Dalam Debat Calon Gubernur Jawa Barat yang disiarkan oleh salah satu TV Swasta pada tanggal 14 Mei 2018 semalam. Pasangan Sudrajat-Syaikhu mengucapkan closing yang sangat berani. Yaitu, "Bila 2018 Sudrajat-Syaikhu menang maka 2019 ganti presiden."
Sudrajat mengucapkan statement tadi. Syaikhu tiba-tiba mengambil sebuah kaos lalu dibentangkan dengan tulisan #2018AsyikMenang2019GantiPresiden. Sontak saja ini membuat keributan. Pendukung paslon lain tidak terima. Sehingga tim KPU harus turun tangan untuk menenangkan. Apa makna ini semua ?
Sepertinya Sudrajat-Syaikhu ingin menegaskan perbedaan dari paslon lain. Mengungat ada pergeseran fokus masyarakat, yang tidak lagi terfokus pada perpolitikan daerah tetapi yang lebih utama adalah keberpihakan pada kepemimpinan nasional.
Masyarkat sudah merasakan di era Jokowi sangat terasa kegaduhan suasana sosial dan politik. Kenyamanan Parpol dipecah belah. Umat Islam selalu dijadikan sasaran tembak dan korban. Ulama dikriminalisasi.
Ekonomi terpuruk, tandanya sebagian besar perusahaan retail nasional kinerjanya anjlok 50 persen. BUMN yang banyak yang komisarisnya diduduki oleh para Relawan Jokowi, justru merugi hingga trilyunan.
Rakyat menjerit dengan pencabutan  subsidi listrik dan BBM. Belum serbuan investasi dan tenaga kerja asing yang menghancurkan harga diri rakyat Indonesia dengan Perpresnya Jokowi.
Rakyat sadar bahwa penyebab ini semua adalah kebijakan pemimpin nasional dalam hal ini adalah Presiden. Maka pilkada daerah harus menjadi sarana dan kepanjangan tangan untuk mengganti Presiden di 2019.

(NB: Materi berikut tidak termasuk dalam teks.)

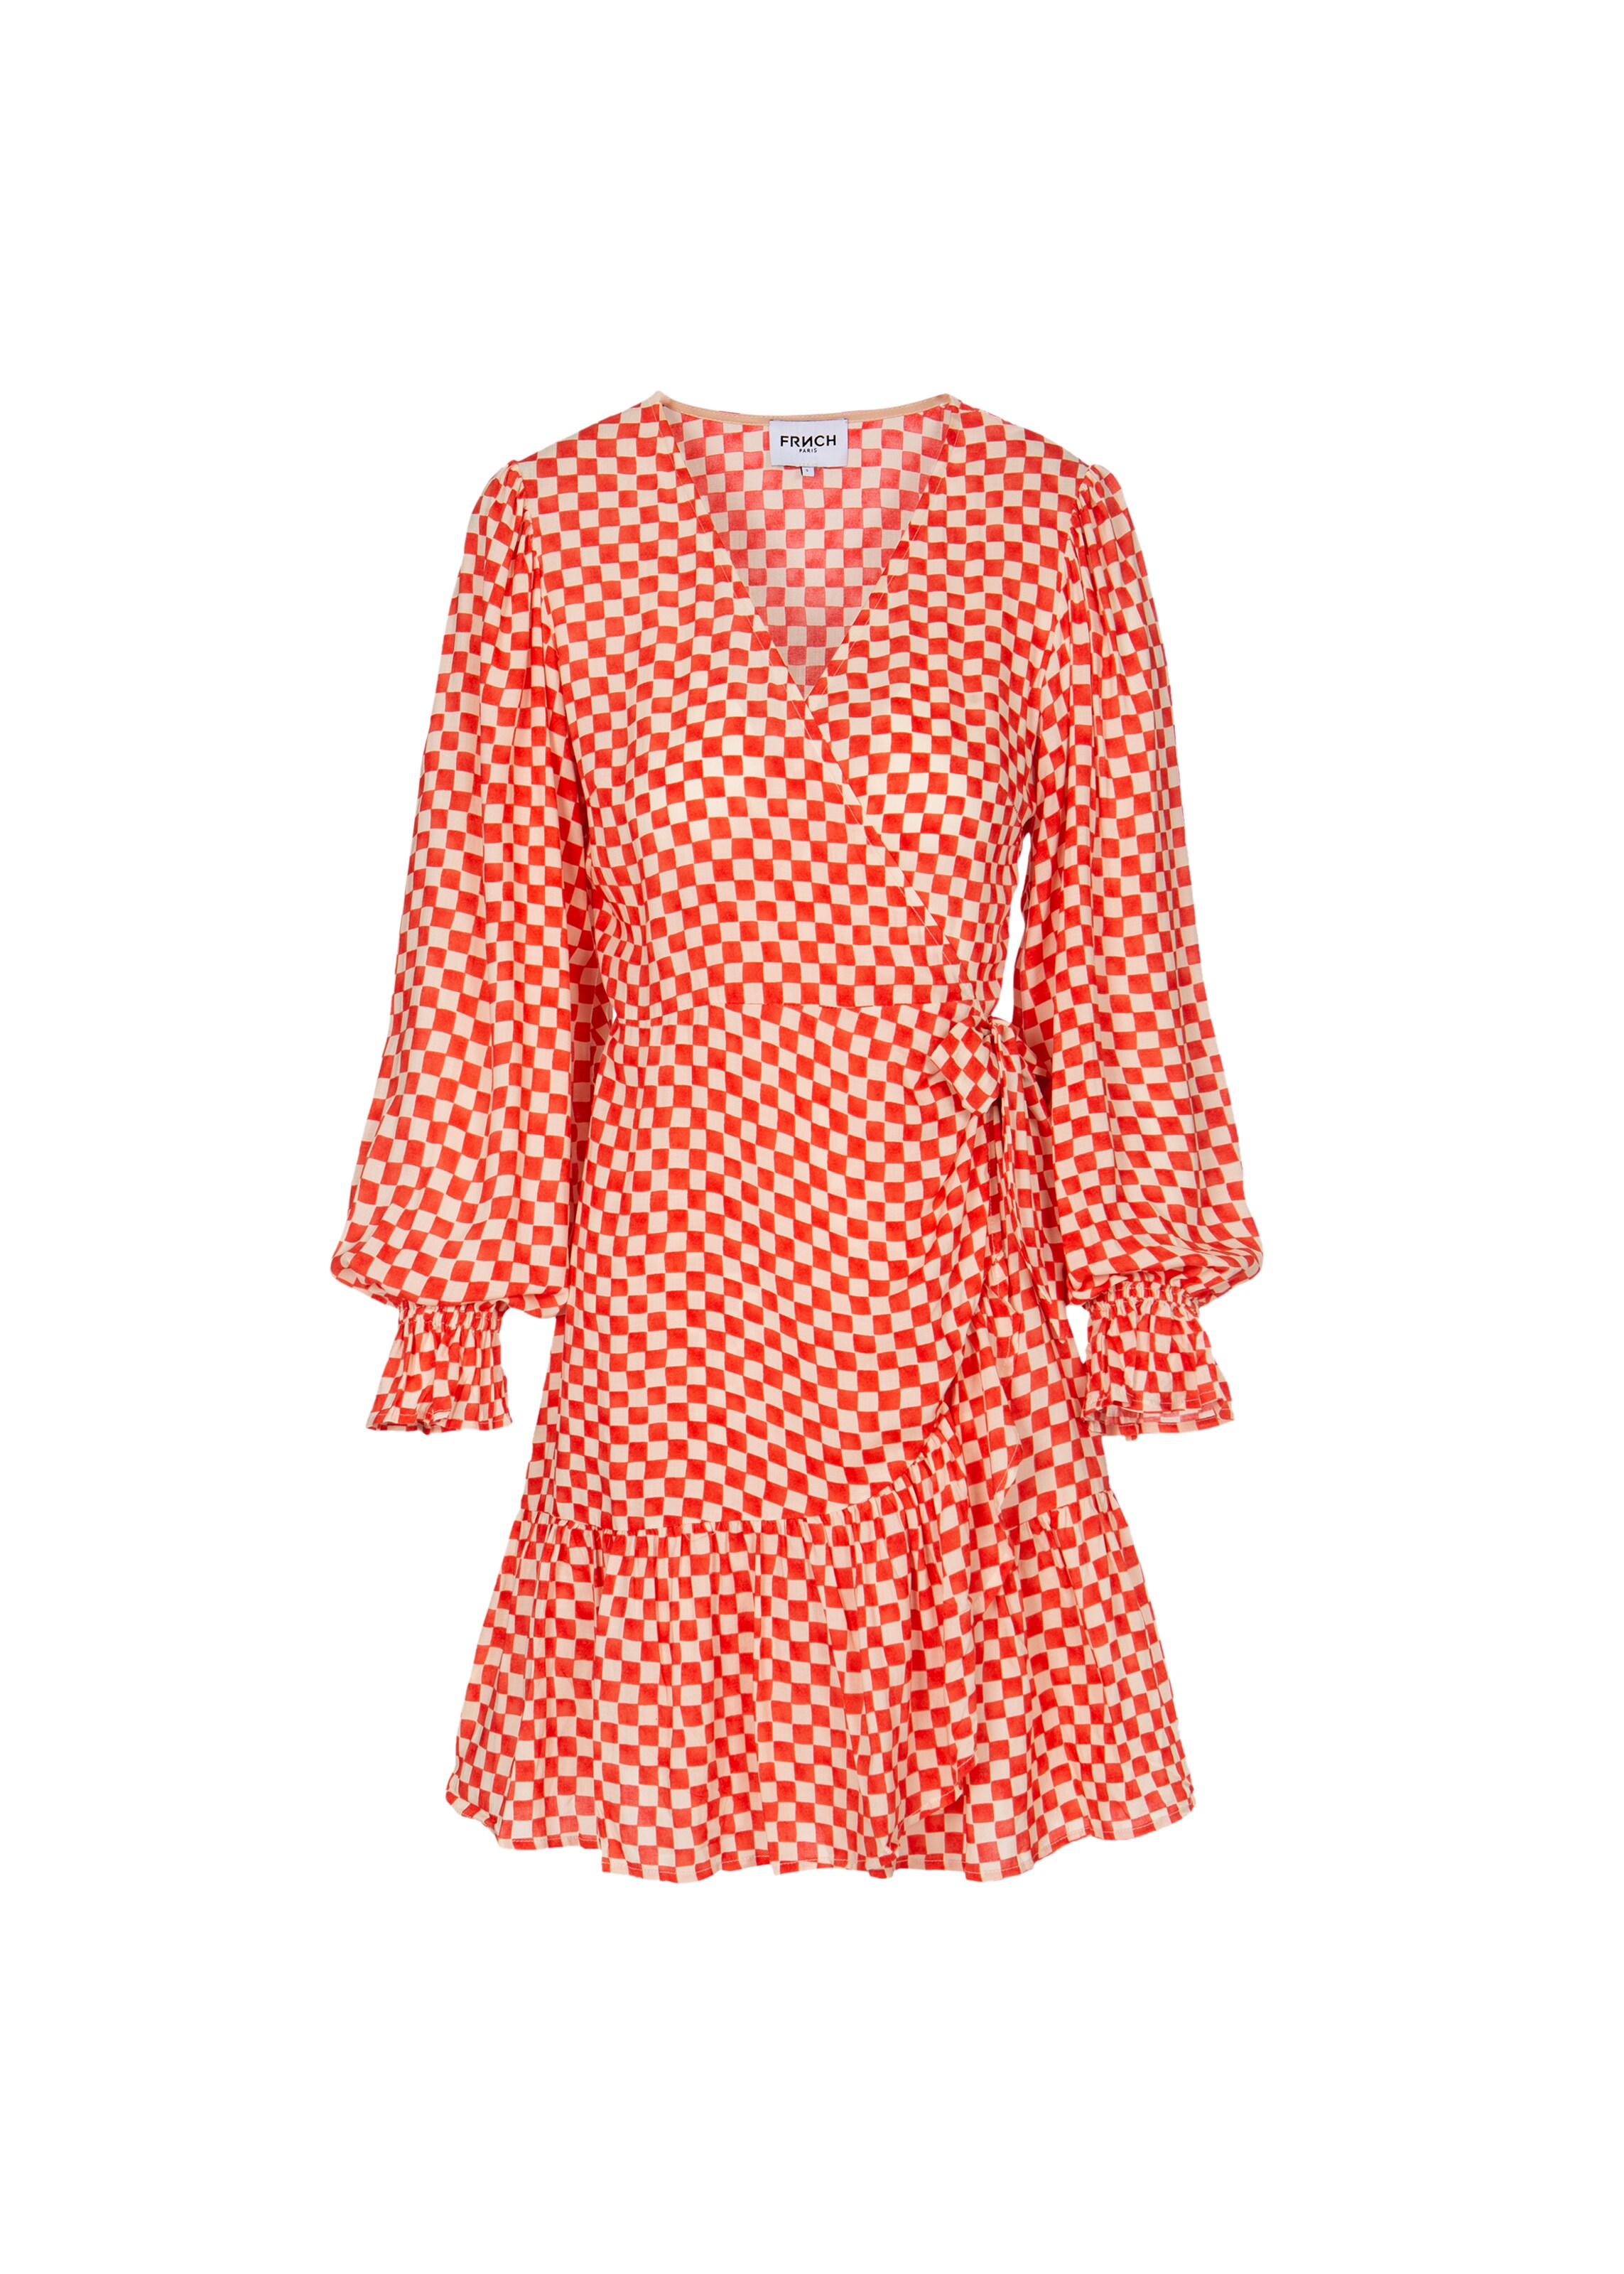 Frauen Kleider FRNCH PARIS Kleid 'Monique' in Rot - LF15074

Inilah suasana yang jiwa yang terjadi pada rakyat secara umum, khususnya Jawa Barat. Sehingga closing statement Sudrajat-Syaikhu bukan saja penegasan perbedaan dari paslon lain. Tetapi mewakili perasaan jiwa khusus warga Jawa Barat.
Pergeseran fokus perpolitikan ini tidak dibaca oleh pasangan lain. Bisa jadi ini awal merangkaknya elektabilitas suara Sudrajat-Syaikhu.